Когда он произносил эти слова, я почувствовал, что Софи подошла ко мне – стоит у моего локтя, бормочет что-то непонятное, – а непонятно оно было частично оттого, что кровь горячим галопом стучала у меня в ушах, а также, быть может, оттого, что в смятении и ужасе я не в состоянии был почти ни на что обратить внимание, кроме того, что колени мои и пальцы словно превратились в желе и начали беспорядочно дергаться.
– Натан! – сдавленным голосом произнес я. – Боже мой…
И тут в его голосе, который я в своем представлении всегда связывал с высокообразованными обитателями Бруклина, возник такой свирепый рык, что даже мириады помех и электронных шумов не смогли приглушить силу обезумевшей, но человеческой ярости.
– Ах ты, непотребный подлиза! Мерзкая свинья! Да обречет тебя бог веки вечные гореть в аду за то, что ты предал меня за моей спиной, – ты, которому я верил, как своему лучшему другу! А как день за днем ты спокойненько выдавал мне улыбочки с самым невинным видом – так ведь было, когда ты просил меня прочесть кусок твоей рукописи, а потом: «Ах, Натан, спасибо тебе большое», сам же за четверть часа до этого валялся в постели с женщиной, на которой я собирался жениться, я говорю: собирался – в прошедшем времени, потому что лучше я сгорю в аду, чем женюсь на двуличной полячке, которая раскладывается для проныры южанина, предавшего меня…
Я отодвинул от уха трубку и повернулся к Софи, которая стояла раскрыв рот и явно догадывалась, из-за чего бушевал Натан.
– О боже, Язвинка, – услышал я ее шепот, – я не хотела, чтобы ты узнал: он ведь все время говорил, что это я с тобой…
Волнуясь и не зная, что предпринять, я снова приложил трубку к уху:
– Я сейчас приеду и прикончу вас обоих.
Затем с минуту царила тишина – звенящая, озадачивающая. И я услышал металлический щелчок. Но я понял, что связь не прервалась.
– Натан! – сказал я. – Прошу тебя! Где ты?
– Недалеко, старина. Собственно, за углом. И я сейчас приду и расправлюсь с тобой, предателем. А потом знаешь, что я сделаю? Знаешь, что я сделаю с вами обоими, лживые, мерзкие свиньи? Слушай…
В ухе у меня раздался взрыв. Приглушенный расстоянием или телефонным устройством, которое благостно понижает звук и не дает ему повредить человеческое ухо, звук выстрела скорее ошарашил меня, чем причинил боль, тем не менее в ухе еще долго отчаянно гудело, точно там кружила тысяча пчел.

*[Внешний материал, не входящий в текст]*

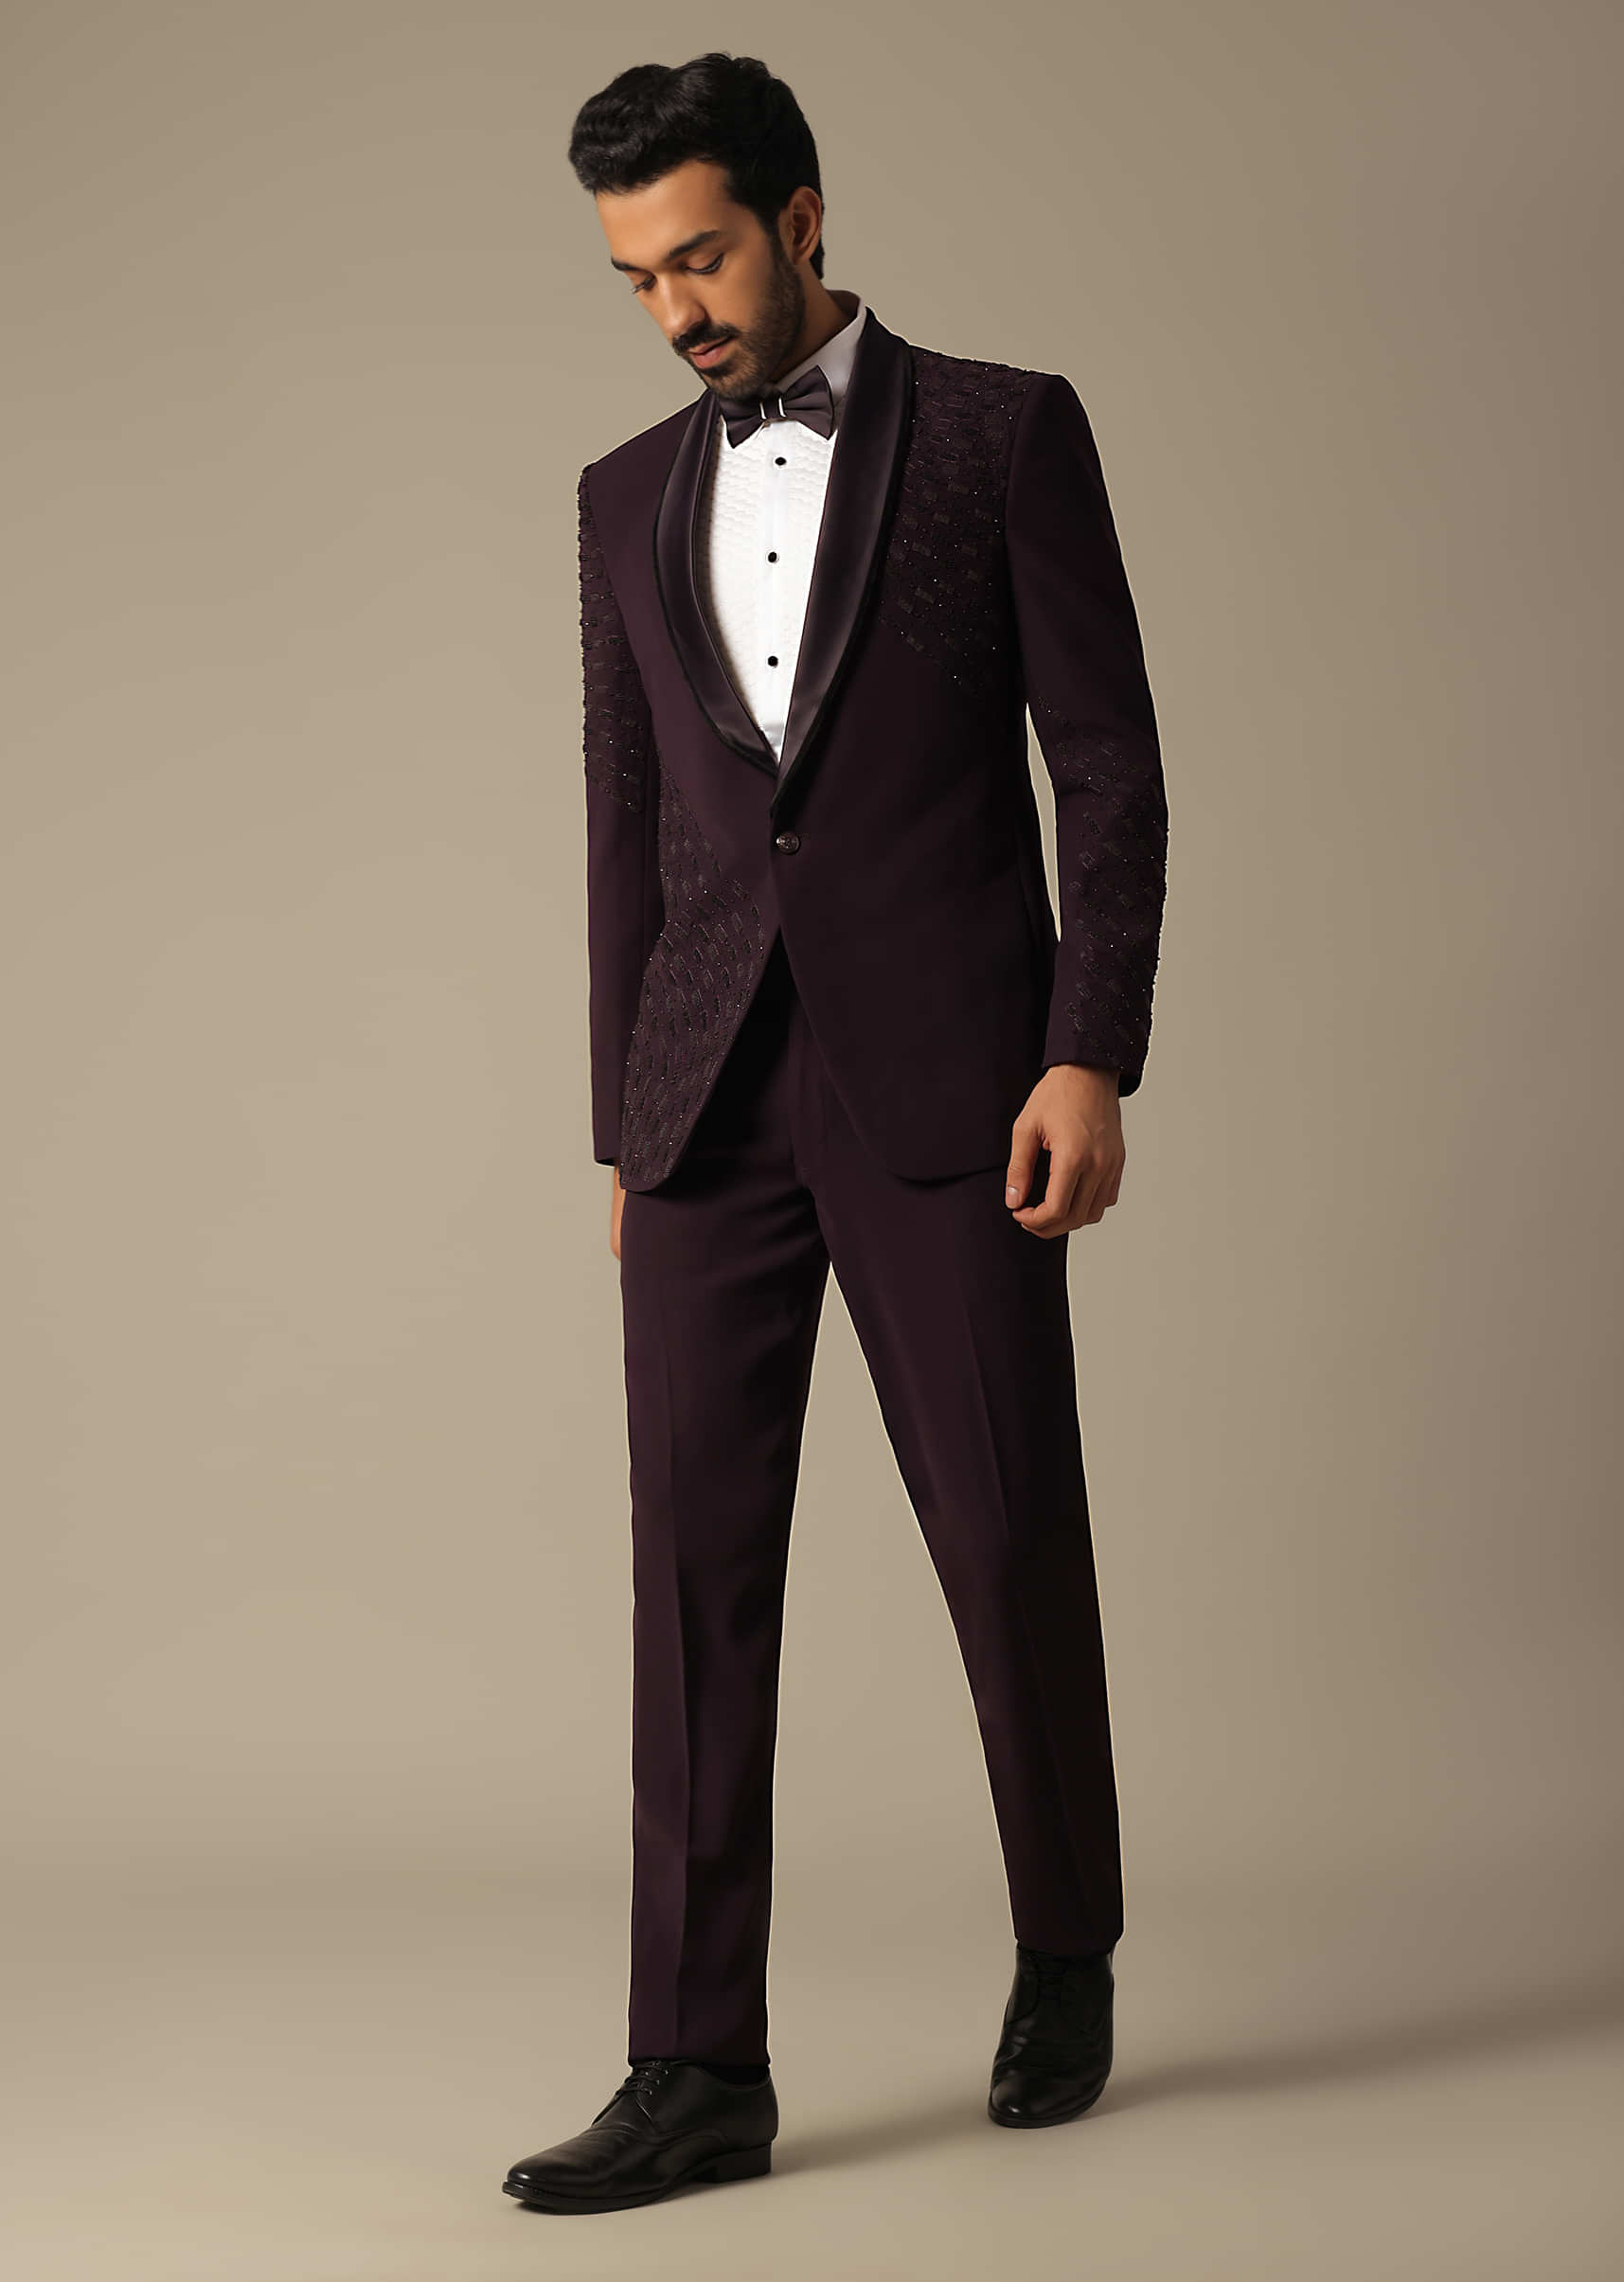 Embroidered Tuxedo Set for the Stylish Groom

Я так никогда и не узнаю, стрелял ли Натан прямо в мембрану телефона, или в воздух, или в какую-нибудь безвестную стену заброшенного дома, но выстрел прозвучал достаточно близко, так что Натан вполне мог быть, как он и сказал, за углом, и потому я в панике бросил трубку и, повернувшись, схватил Софи за руку. Я не слышал выстрелов с войны и был почти уверен, что никогда больше не услышу. Мне жаль моей слепой наивности. Сейчас, когда прошло столько времени с начала этого кровавого столетия, всякий раз, как случались невообразимые акты насилия, опустошавшие наши души, память моя возвращалась к Натану, несчастному безумцу, которого я любил: я представлял себя, как он стоит, накачавшись наркотиков, с дымящимся пистолетом в руке, в какой-то безвестной комнате или телефонной будке, и его образ как бы предвещал эти злополучные, бесконечные годы безумия, иллюзий, ошибок, мечтаний и борьбы. Однако в тот момент я чувствовал лишь неизъяснимый страх. Я посмотрел на Софи, она посмотрела на меня – и мы кинулись бежать.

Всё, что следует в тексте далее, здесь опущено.